Materials and methods
This cross-sectional observational study was conducted in the Department of Microbiology, Chitwan Medical College and Teaching Hospital (CMCTH), Bharatpur, Nepal. A total 150 routine pus samples were obtained from wounds at various body sites of patients admitted in CMCTH. The samples were inoculated onto nutrient agar, blood agar and mannitol salt agar. Of the total samples, 43 grew S. aureus, which was identified by a standard microbiological techniques including Gram stain, catalase, coagulase, phosphatase and DNAase tests.Citation13 Biofilm formation by these isolates was detected by two in vitro methods: tissue culture plate (TCP) method and tube adherence method (TM).
TCP method
This quantitative, gold standard method for biofilm detection was carried out as described by Christensen et al.Citation7 In brief, a colony of S. aureus was isolated from a fresh agar plate and inoculated in 2 mL of trypticase soy broth. The broth was incubated overnight at 37 °C. The culture was then diluted to 1:100 with fresh medium. A sterile individual plate with 96 flat-bottom polystyrene wells was filled with 200 μL of the diluted culture. The control organisms were also processed in a similar manner. The plate was incubated at 37 °C for 24 hours. After incubation, the contents of each well were removed by gentle tapping. The wells were washed with 200 μL of phosphate buffer saline (pH 7.3) to remove free-floating bacteria. Biofilms formed by bacteria adherent to the wells were fixed by 99% methanol and stained with 0.1% crystal violet (CV). Excess stain was washed gently, and the plate was kept for drying. The optical density of the stained adherent biofilm was measured using a micro-ELISA auto-reader (HUMAN) at a wavelength of 570 nm. The experiment was performed in triplicate. Interpretation of biofilm production was performed as per the criteria described by Stepanovic et al,Citation14 and the bacteria were categorized into biofilm nonproducers, or weak, moderate or strong biofilm producers.
Tube adherence method
The isolated organisms were inoculated in 5 mL trypticase soy broth in test tubes and incubated overnight at 37 °C along with the control organism.Citation15 After incubation, the tubes were decanted, dried and stained with 0.1% CV. Subsequently, the tubes were washed gently and placed upside down for drying. Visible lining of the wall and bottom of the tube by a film was considered as positive. The results were scored visually as nonproducers, or weak, moderate or strong biofilm producers.

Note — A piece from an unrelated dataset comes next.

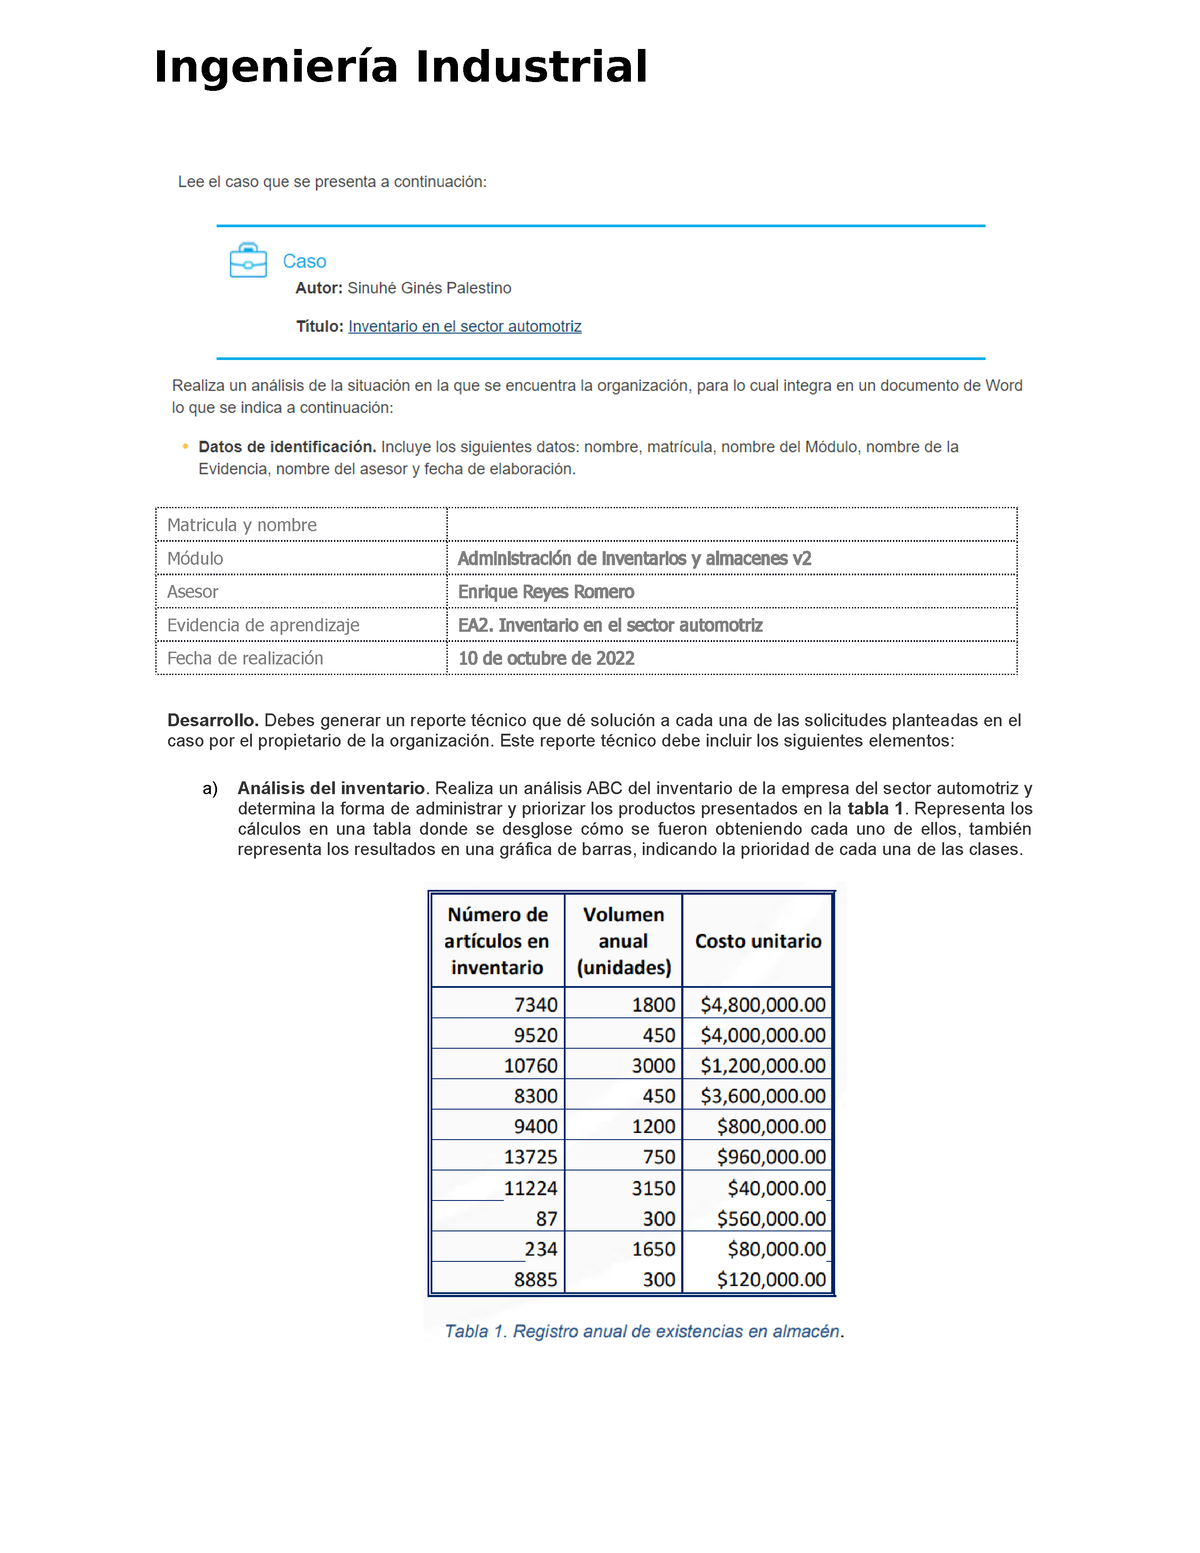 Ea2 Inventario En El Sector Automotriz Matricula Y Nombre Módulo Administración De 2865

S. aureus ATCC 25923 and S. aureus ATCC 35556 were used as negative and positive controls, respectively, for the biofilm assay.
Antimicrobial susceptibility test
Antimicrobial susceptibility tests of the clinical isolates against different antimicrobials were performed in Müller–Hinton agar (MHA) using the standard disk diffusion technique (modified Kirby–Bauer method) and interpreted as per Clinical and Laboratory Standards Institute guidelines.Citation16 The following antimicrobial agents were tested: ampicillin (10 μg), cefoxitin (30 μg), ciprofloxacin (5 μg), chloramphenicol (30 μg), clindamycin (2 μg), cotrimoxazole (25 μg), doxycycline (30 μg), erythromycin (15 μg), gentamicin (10 μg), minocycline (30 μg), rifampicin (5 μg), teicoplanin (30 μg), tetracycline (30 μg) and vancomycin (30 μg) (HiMedia Laboratories, Mumbai, Maharashtra, India). S. aureus ATCC 25923 was used as the control organism.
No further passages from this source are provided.